A PostgreSQL installation can contain user-defined types with a custom
binary format, so this will not work with all databases anyway.

A way to tell PostgreSQL to always send some times in binary format
would solve this, though.

--
Florian Weimer <fweimer(at)bfk(dot)de>
BFK edv-consulting GmbH http://www.bfk.de/
Kriegsstraße 100 tel: +49-721-96201-1
D-76133 Karlsruhe fax: +49-721-96201-99


From: Vitalii Tymchyshyn <tivv00(at)gmail(dot)com>
To: Florian Weimer <fweimer(at)bfk(dot)de>
Cc: Andreas Schmitz <schmitz(at)occamlabs(dot)de>, Oliver Jowett <oliver(at)opencloud(dot)com>, pgsql-jdbc(at)postgresql(dot)org
Subject: Re: bytea performance tweak
Date: 2011-06-27 15:23:38
Message-ID: 4E08A07A.1090505@gmail.com
Views: Raw Message | Whole Thread | Download mbox | Resend email
Lists: pgsql-jdbc

27.06.11 16:57, Florian Weimer написав(ла):
> * Andreas Schmitz:
>
>> Is there a timeline for fully supporting the binary protocol?
> A PostgreSQL installation can contain user-defined types with a custom
> binary format, so this will not work with all databases anyway.
I'd say it would be up to Java developer to provide it's own decode for
such a types (in a PGObject?). If he wants, he should do server-level
cast to string in a query text.
Of course, I'd leave an option to make non-binary connection.

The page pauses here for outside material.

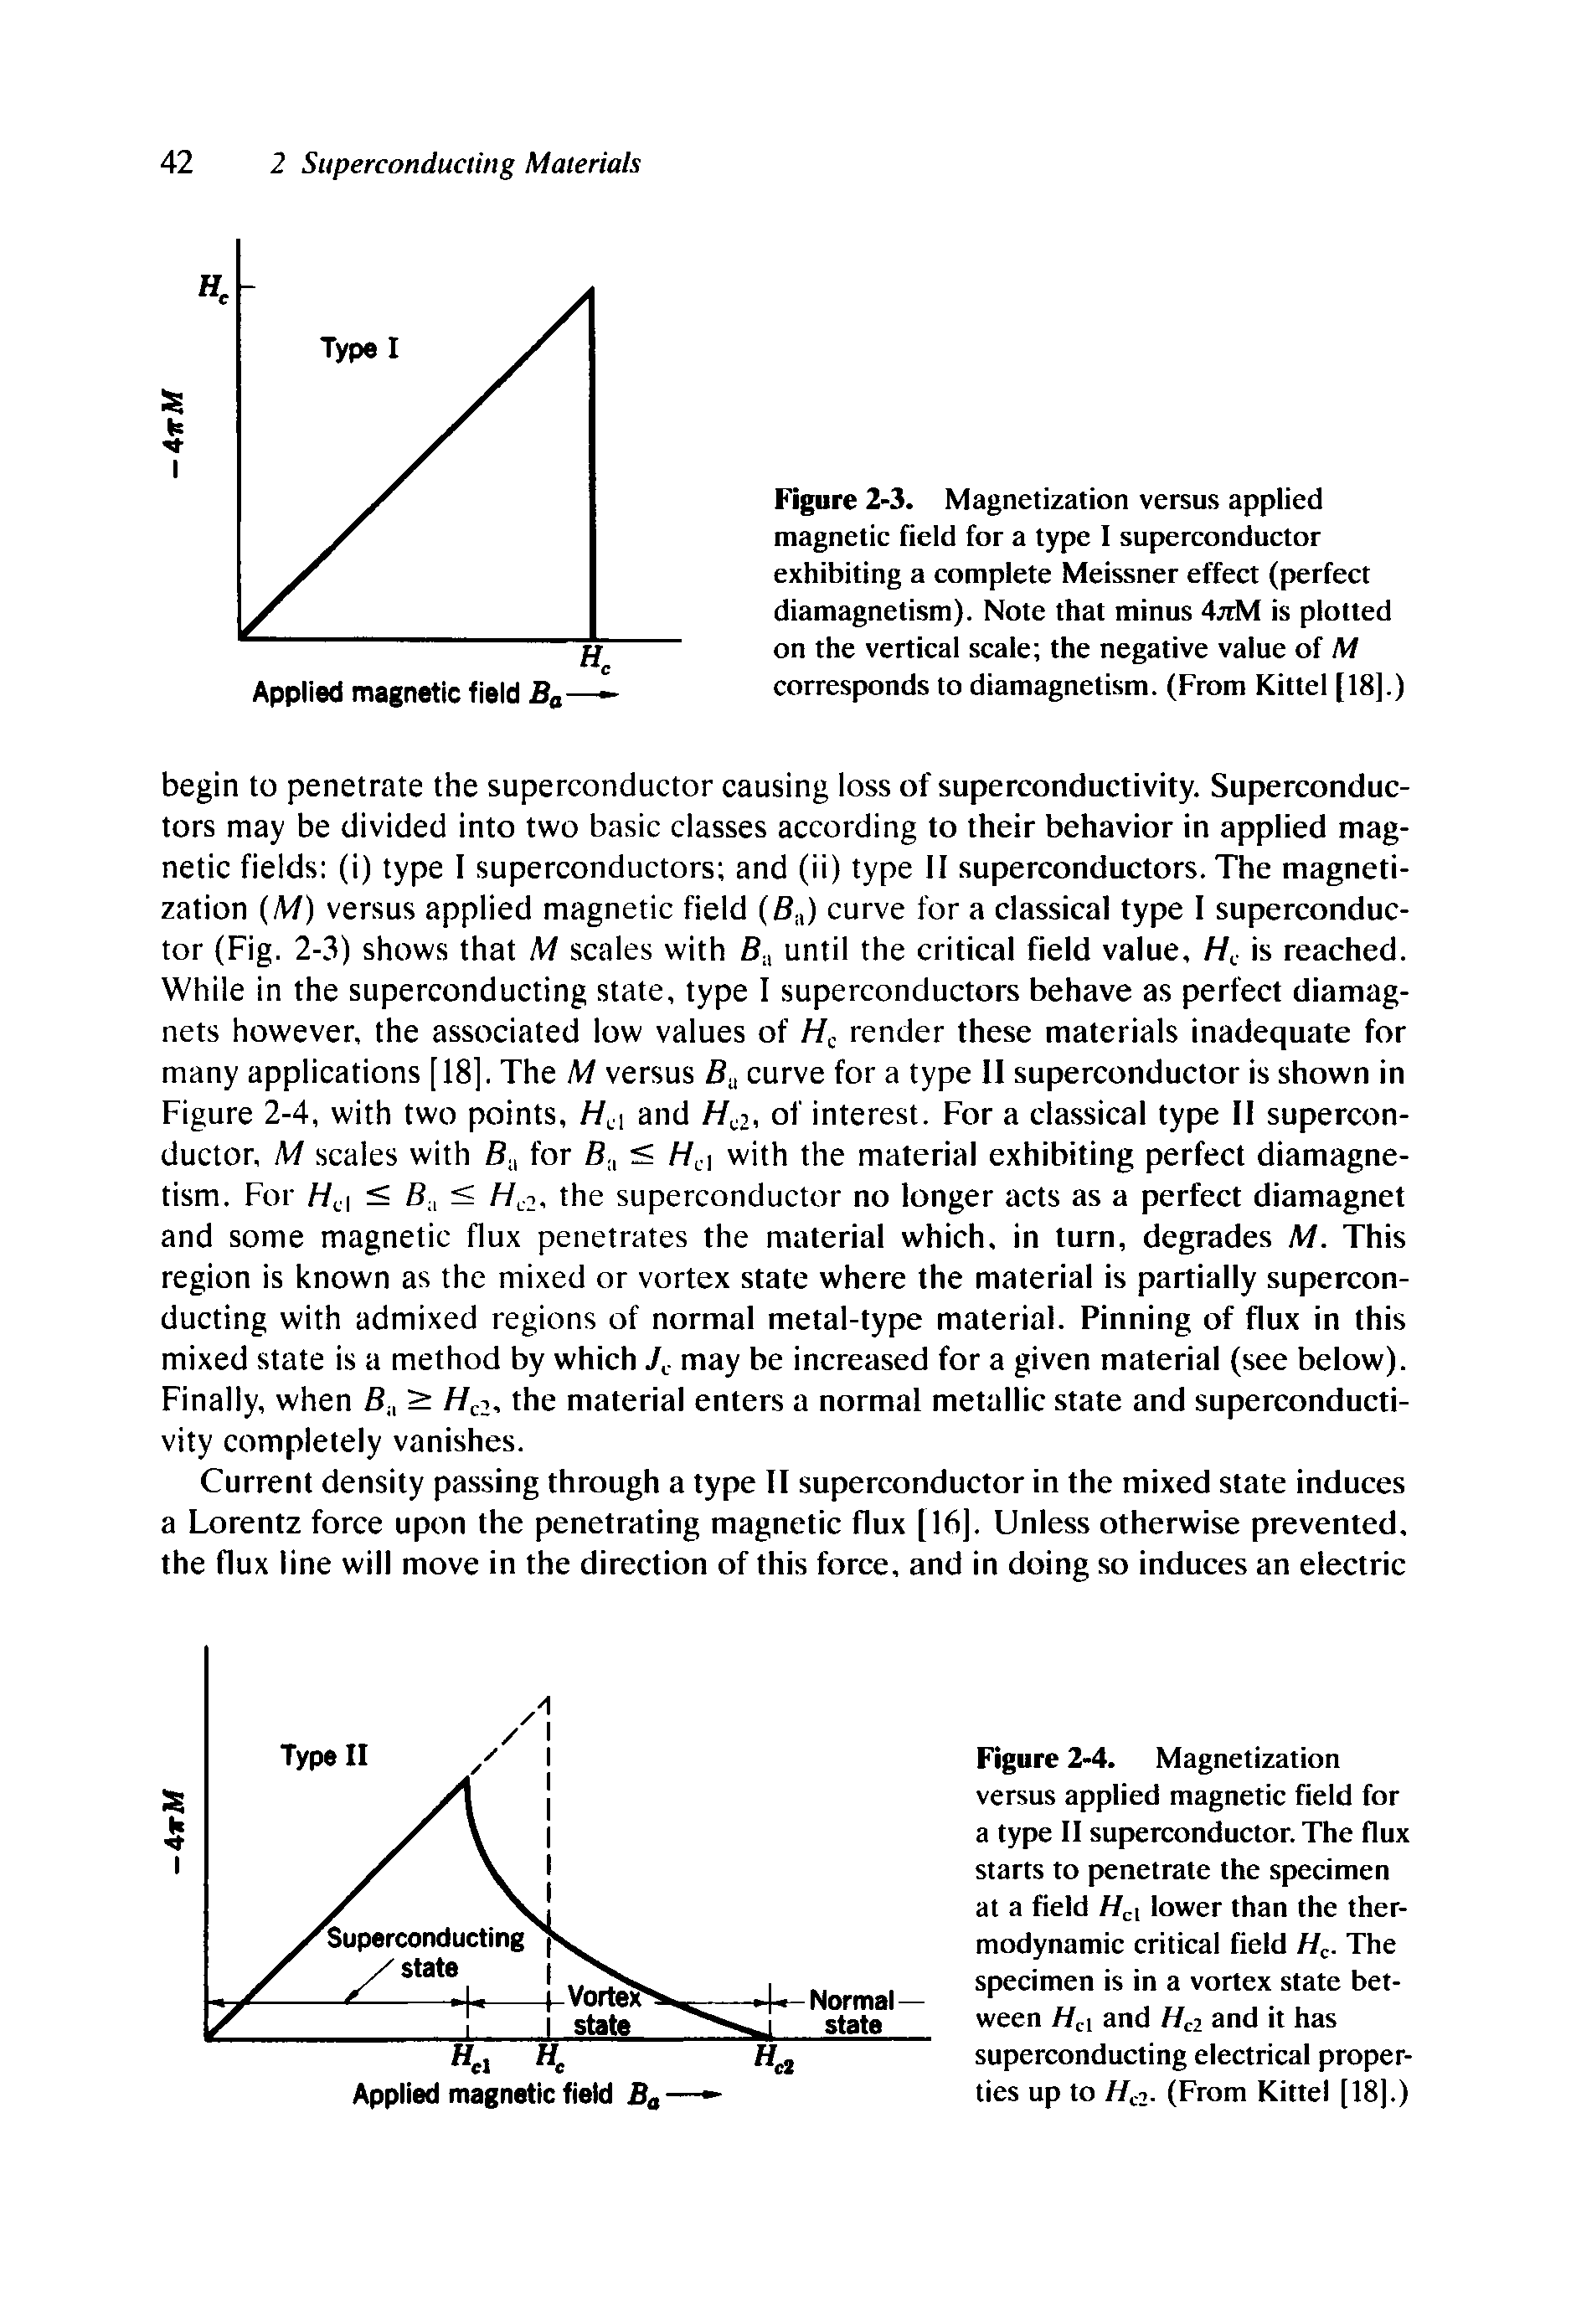 Figure 2-4. Magnetization versus applied magnetic field for a type II superconductor. The flux starts to penetrate the specimen at a field Wei lower than the thermodynamic critical field The specimen is in a vortex state between Wei and Wc2 and it has superconducting electrical properties up to We2. (From Kittel [18].)...

Best regards, Vitalii Tymchyshyn.


From: Hannu Krosing <hannu(at)2ndQuadrant(dot)com>
To: Florian Weimer <fweimer(at)bfk(dot)de>
Cc: Andreas Schmitz <schmitz(at)occamlabs(dot)de>, Oliver Jowett <oliver(at)opencloud(dot)com>, pgsql-jdbc(at)postgresql(dot)org
Subject: Re: bytea performance tweak
Date: 2011-06-27 16:24:53
Message-ID: 1309191893.2800.11.camel@hvost
Views: Raw Message | Whole Thread | Download mbox | Resend email
Lists: pgsql-jdbc

On Mon, 2011-06-27 at 13:57 +0000, Florian Weimer wrote:
> * Andreas Schmitz:
>
> > Is there a timeline for fully supporting the binary protocol?
>
> A PostgreSQL installation can contain user-defined types with a custom
> binary format, so this will not work with all databases anyway.

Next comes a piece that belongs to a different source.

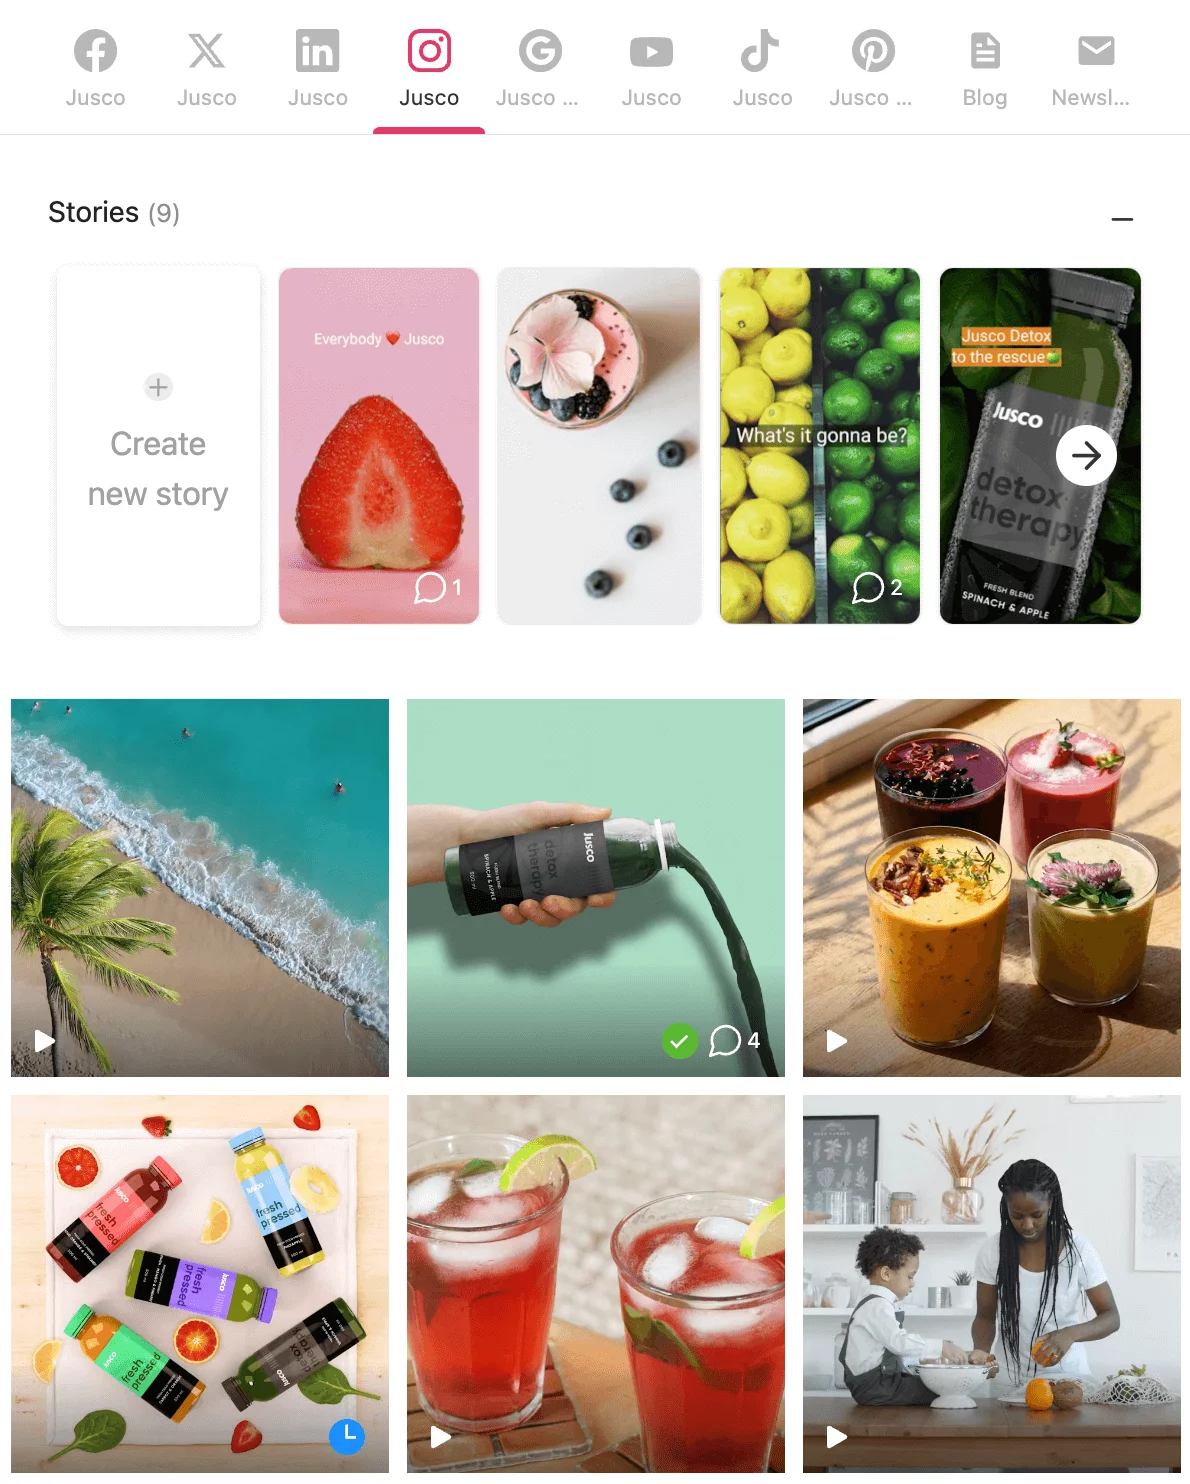 Instagram stories and posts in Planable for Jusco, featuring juices, smoothies, beach scenes, and people preparing drinks.

Is'nt the same also true for _text_ representation of user-defined
types ?

> A way to tell PostgreSQL to always send some times in binary format
> would solve this, though.
>
> --
> Florian Weimer <fweimer(at)bfk(dot)de>
> BFK edv-consulting GmbH http://www.bfk.de/
> Kriegsstraße 100 tel: +49-721-96201-1
> D-76133 Karlsruhe fax: +49-721-96201-99
>

--
-------
Hannu Krosing
PostgreSQL Infinite Scalability and Performance Consultant
PG Admin Book: http://www.2ndQuadrant.com/books/


From: Maciek Sakrejda <msakrejda(at)truviso(dot)com>
To: Florian Weimer <fweimer(at)bfk(dot)de>
Cc: Andreas Schmitz <schmitz(at)occamlabs(dot)de>, Oliver Jowett <oliver(at)opencloud(dot)com>, pgsql-jdbc(at)postgresql(dot)org
Subject: Re: bytea performance tweak
Date: 2011-06-27 16:51:17
Message-ID: BANLkTiki7we3y+jph9AUeiZwHpqiTyMx8g@mail.gmail.com
Views: Raw Message | Whole Thread | Download mbox | Resend email
Lists: pgsql-jdbc

>> Is there a timeline for fully supporting the binary protocol?
>
> A PostgreSQL installation can contain user-defined types with a custom
> binary format, so this will not work with all databases anyway.

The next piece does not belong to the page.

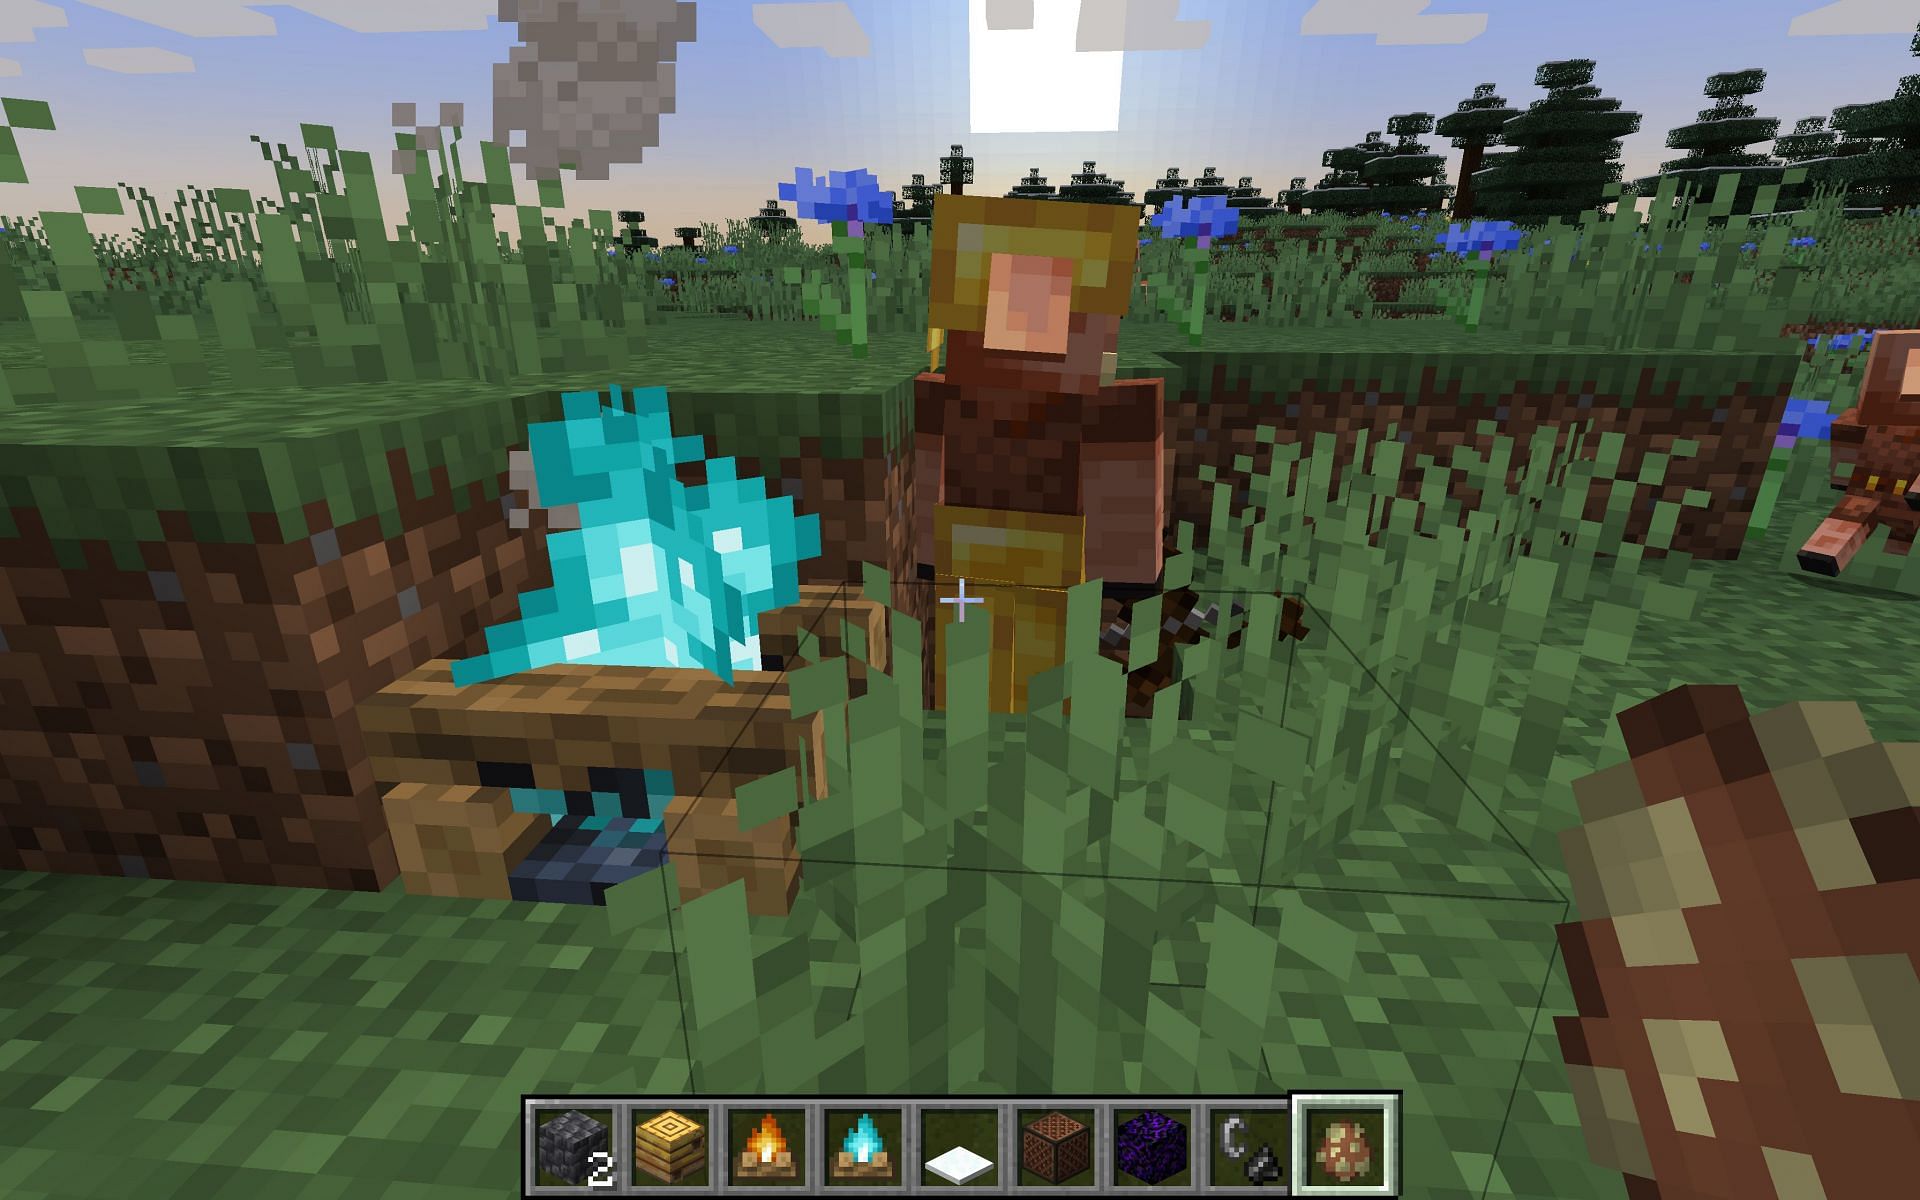 Players can keep piglins at bay using the soul campfire (Image via Minecraft)

Having to read unknown types in text mode is not any easier if you're
going to do something interesting with them. In either case, the
protocol provides a way to read the type payload off the wire (so,
e.g., a column with a type you can't read won't "mess up" the whole
result set), but it's up to you to process those bytes. As Vitalii
stated, something like PGObject is probably the right way to handle
this.

> A way to tell PostgreSQL to always send some [types] in binary format
> would solve this, though.

(I assume you meant "types" not "times")

Yep, that would be nice. There are per-*column* output facilities in
the protocol, but not per-type. It's possible to ask the server for
the columns in a query before you commit to output types, but that
involves an extra round trip which won't be worth it most of the time
(still, it could be worth it if you're doing something that outputs a
lot of rows with far leaner binary representations for some data
types). Perhaps per-statement encoding choice might be the right
compromise, although that smells like a niche use case.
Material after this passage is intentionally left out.